Raising hell (I hope)

January 23rd, 2004, 1:05 AM by Goddess

After yet another long, unfulfilling day at the Veggie Patch (and yes, I just got home), there was not a single parking spot to be found in the entire fucking apartment complex. I filled up the rental company’s voice mail with vitriol and made plenty sure to bitch that the library parking lot around the corner has signs up that forbid overnight parking. So where do I park? Bumfuck Egypt. I told them I’m tired, it’s fucking freezing and I’d really like to know if they tow at midnight, like they claim to, ’cause there sure ain’t enough parking for me. And that’s the shit of it all — some families have up to four cars, and I can’t even get one lousy little fucking space for just me.

Spent half an hour wandering around the print shop — seems I arrived after the pre-press night shift went home, and not a goddamn person seemed to know what to do with my print order and film negs. Finally, a kind soul offered to take it to post-press. And of course, he and another woman had to wander with us to get us through the uber-secure building. I think I am going to ask Customer Care to get me a goddamn security card so I can roam freely and drop my shit off when I get there.

Yeah, I get really fucking cranky when I’m tired. 🙂

And thanks for the e-mails/comments asking me if Gandhi at the Payless in Springfield Mall got any kind of reprimand for sexually harassing me. I haven’t heard a word from that company. They have lost a customer for life — I will return to buying my shoes at Marshall’s or on sale at the *finer* shoe retail establishments. Or, maybe I’ll just go in my closet and wear one of the 150 pairs I already own!!!



Bastards

January 22nd, 2004, 12:44 PM by Goddess

I ordered one lousy CD from Amazon — and it arrived today in a box so big I could pack my friggin G4 Tower in it. It’s just a shame how we get ripped for shipping — the box was full of airbags. If I wanted to see an airbag, I’d just go meet with my supervisor!



Awww

January 21st, 2004, 10:37 PM by Goddess

Go see my kids. They’re adorable. 🙂



Idiotcapades — back for a second run

January 21st, 2004, 4:23 PM by Goddess

Subtitle: Fucknuggets gone amok!

Oh, where do I even BEGIN to talk about the complete stupidity I have encountered today?

It started off with an e-mail from Cruise Director, asking me to please juggle the layout to run an important letter to the editor that just arrived last night. No big deal — all I have to do is cut a letter that already made it into the layout and just keep it till next month.

But then, an e-mail arrives from my idiot supervisor who has not a god damn thing better to do. It arrives with the big red priority flag on it, and it reads:

Dawn,

 

(Cruise Director) didn’t put the exclamation point next to this to let you know it is important.  See what you can do, please.

 

(Pussy Demure)

I must have laughed for a good 40 minutes.

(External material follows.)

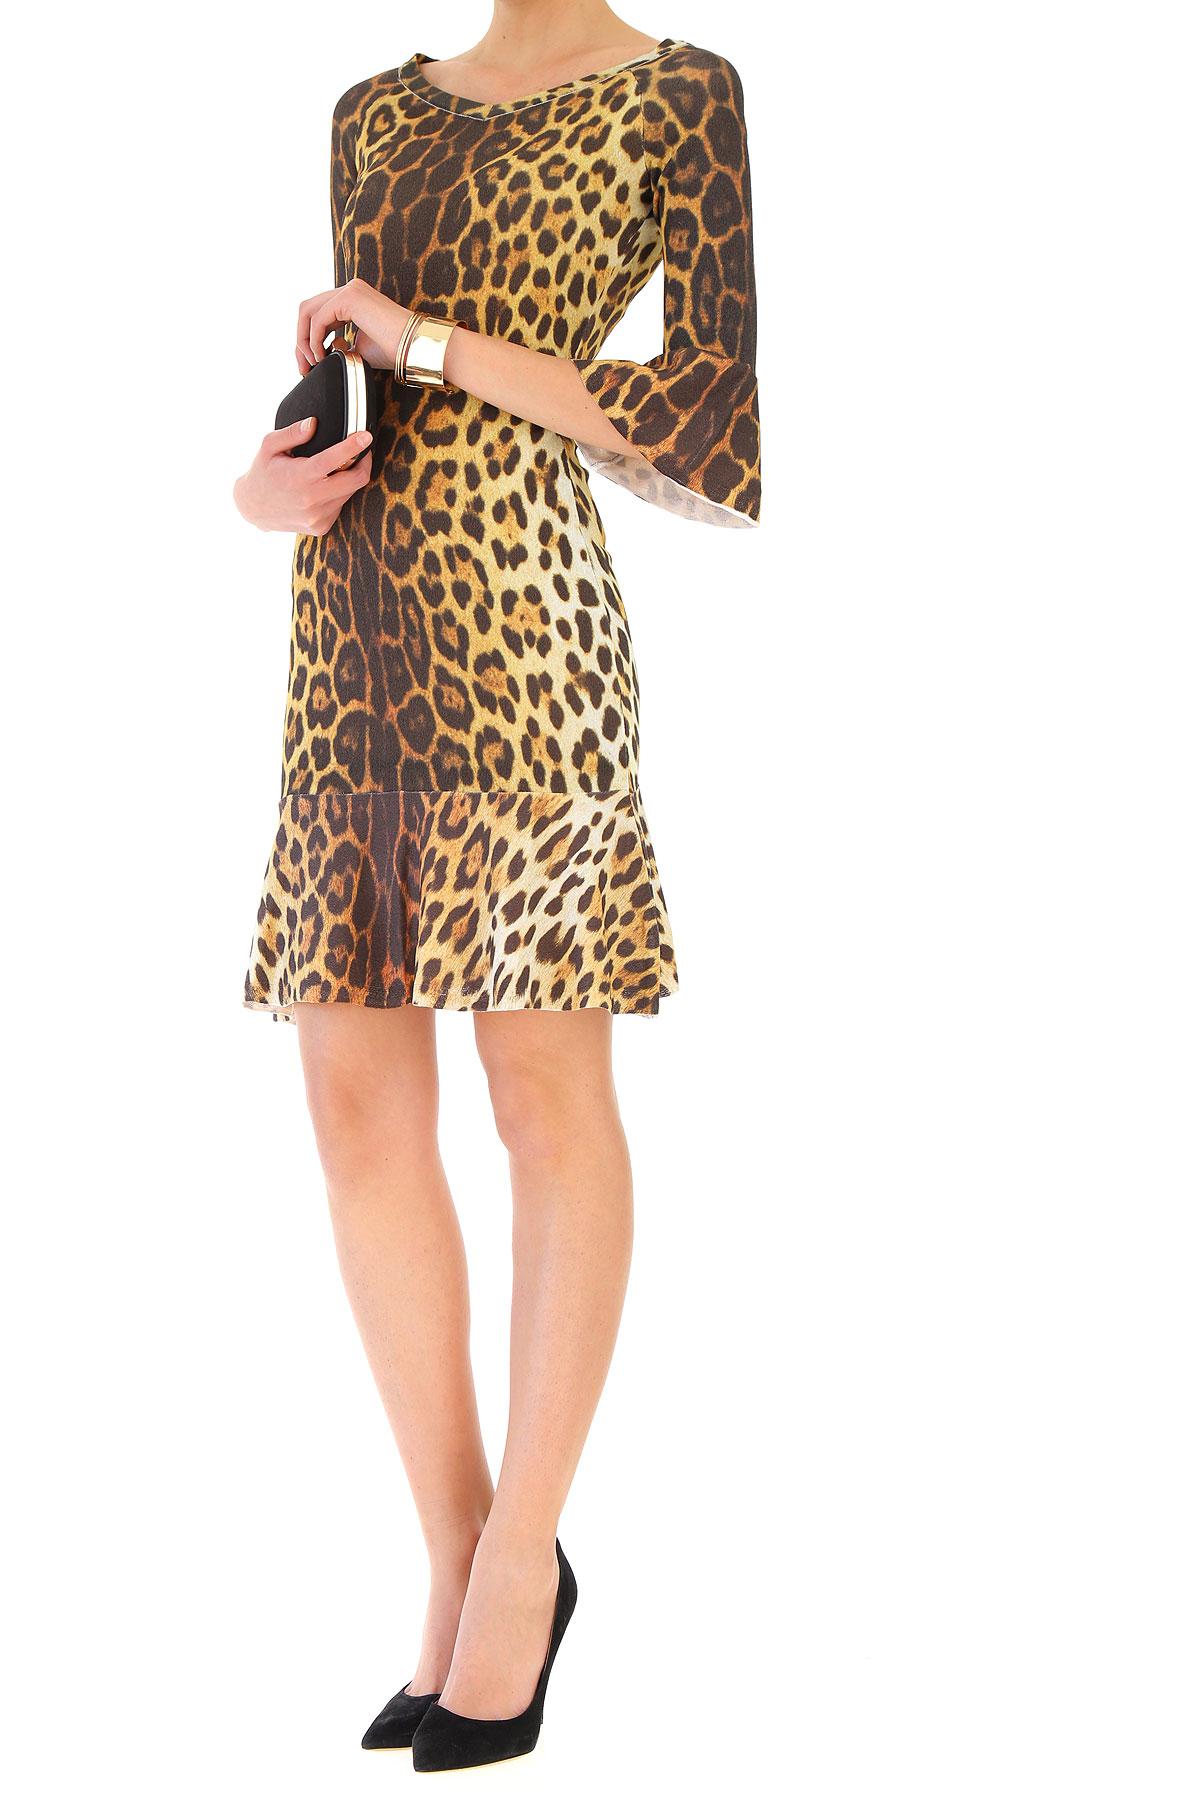 Para Leopardo Moschino Ropa 2019 nbsp; verano Primavera Mujer 5AAwqP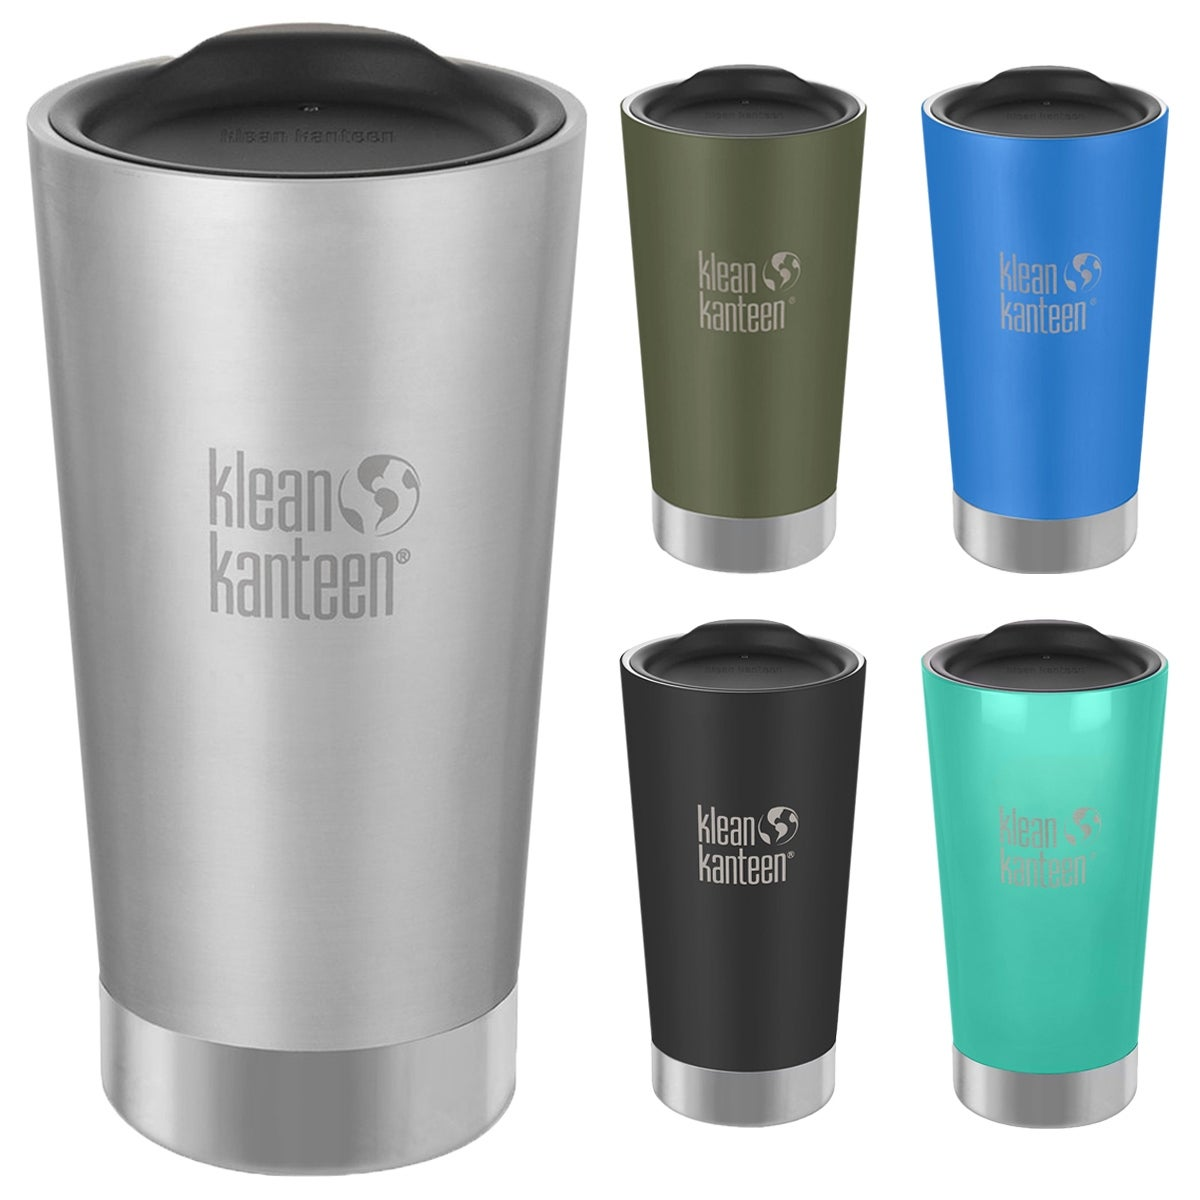 Klean Kanteen Insulated Tumbler 16Oz Water Bottle

Really, it wasn’t funny — just pathetic how ridiculously seriously she took her role in this. I mean, shit, it’s not like I would ignore an e-mail from the head of our organization, for cripes’ sake. I mean, when you get an e-mail from him, you know it’s important. He doesn’t need a fucking exclamation point next to his name, does he now?

Of course, other things happened during the day to test our sense of humor, not limited to the fact that Town Crier, pissed off about the lack of access to the second-floor restrooms, sent a scathing memo to Cruise Director, who, in turn, went nuts on CFO, who went nuts on the gal here in charge. The gal here has been harassing the workers five times a day to get their asses in here and finish their damn job. In fact, she has promised us that she will go in tomorrow and clean it herself if the workers don’t come back. Y’know, it’s not like it’s say, the elevator, that’s inaccessible. Fuckmonkey.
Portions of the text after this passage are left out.